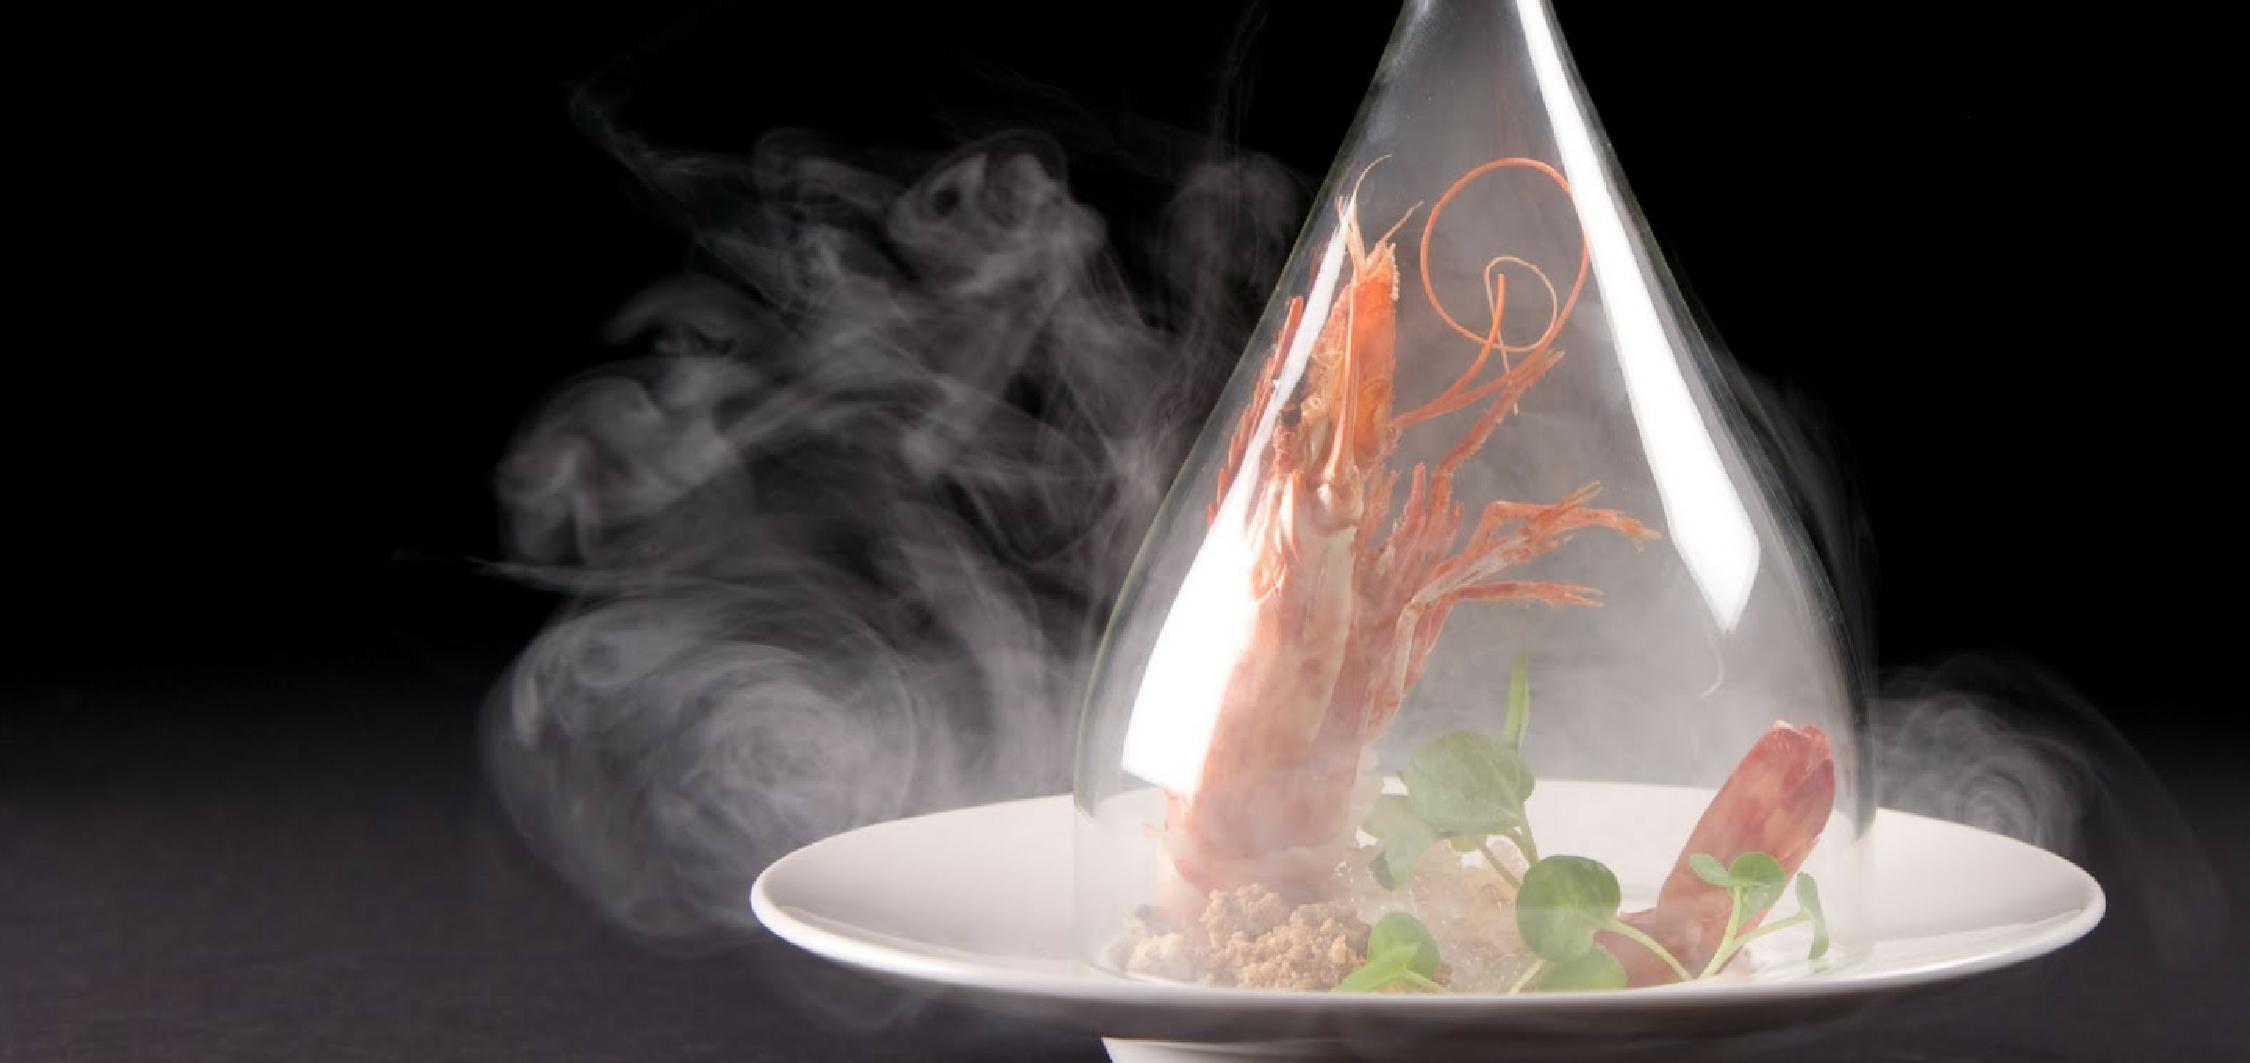 Conoce las 7 t cnicas m s comunes de la gastronom a molecular - Carrera de cocina ...
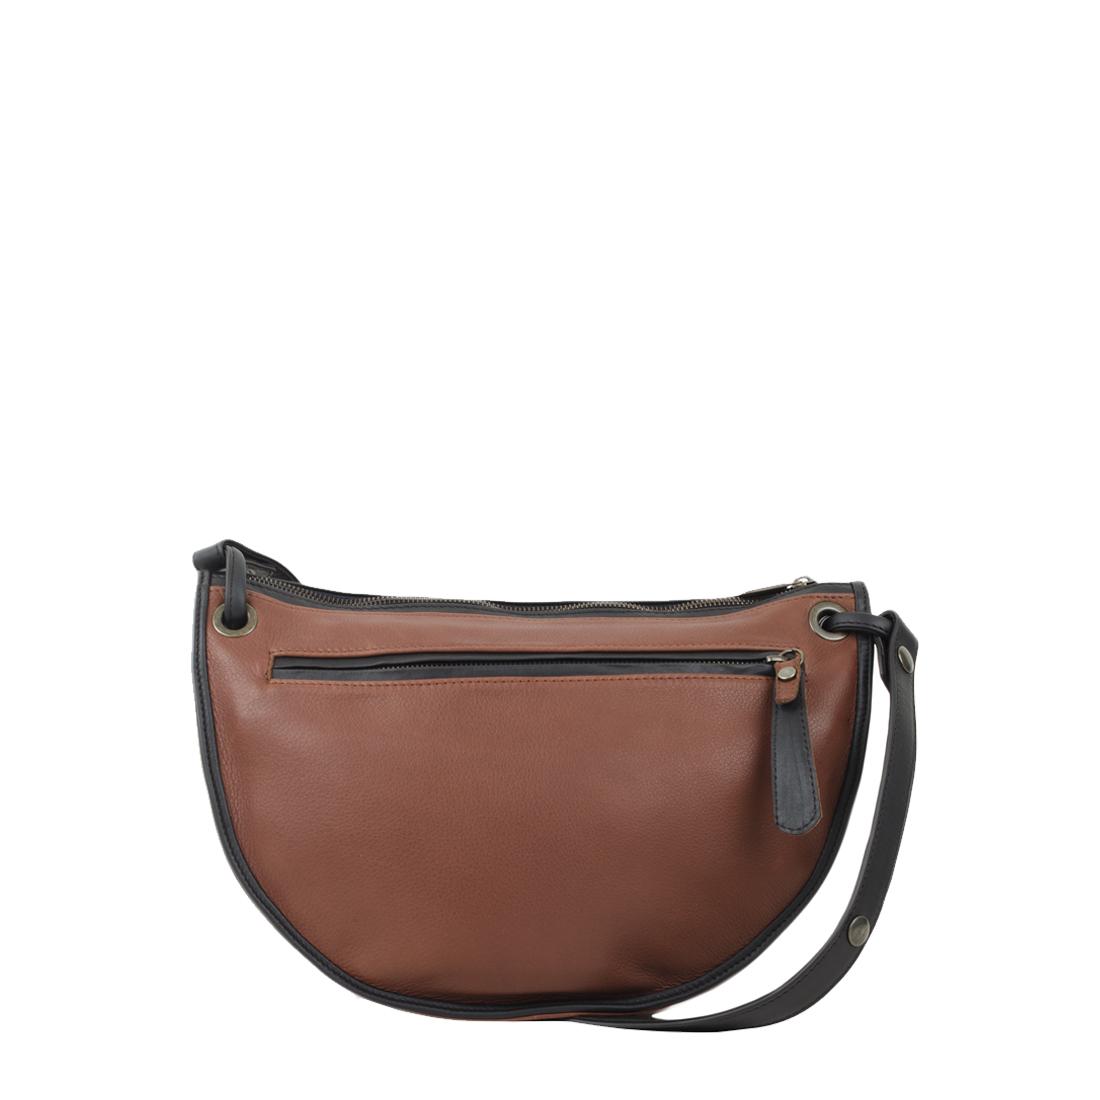 Rachel Tan Leather Across Body Bag
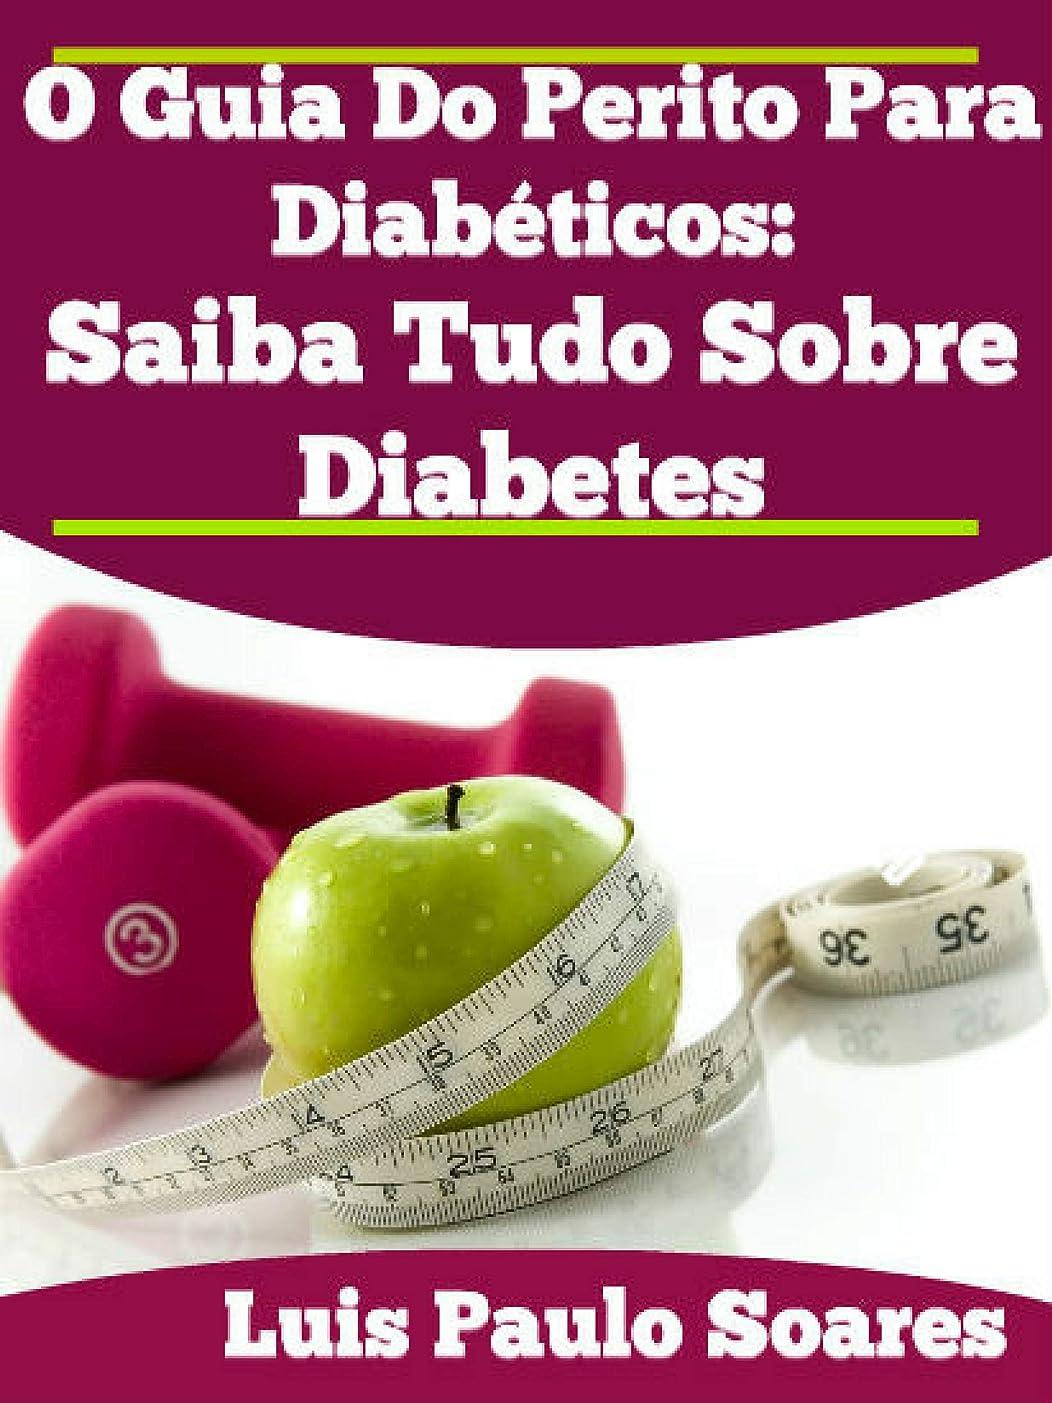 びっくりビリーデモンストレーションO Guia Do Perito Para Diabéticos:: Saiba Tudo Sobre Diabetes! (Portuguese Edition)

* Your objective:
When you write out the material above, keep every line exact and drop each picture.

* Exercise output:
 Conoce las 7 t cnicas m s comunes de la gastronom a molecular - Carrera de cocina ...
 Rachel Tan Leather Across Body Bag
 びっくりビリーデモンストレーションO Guia Do Perito Para Diabéticos:: Saiba Tudo Sobre Diabetes! (Portuguese Edition)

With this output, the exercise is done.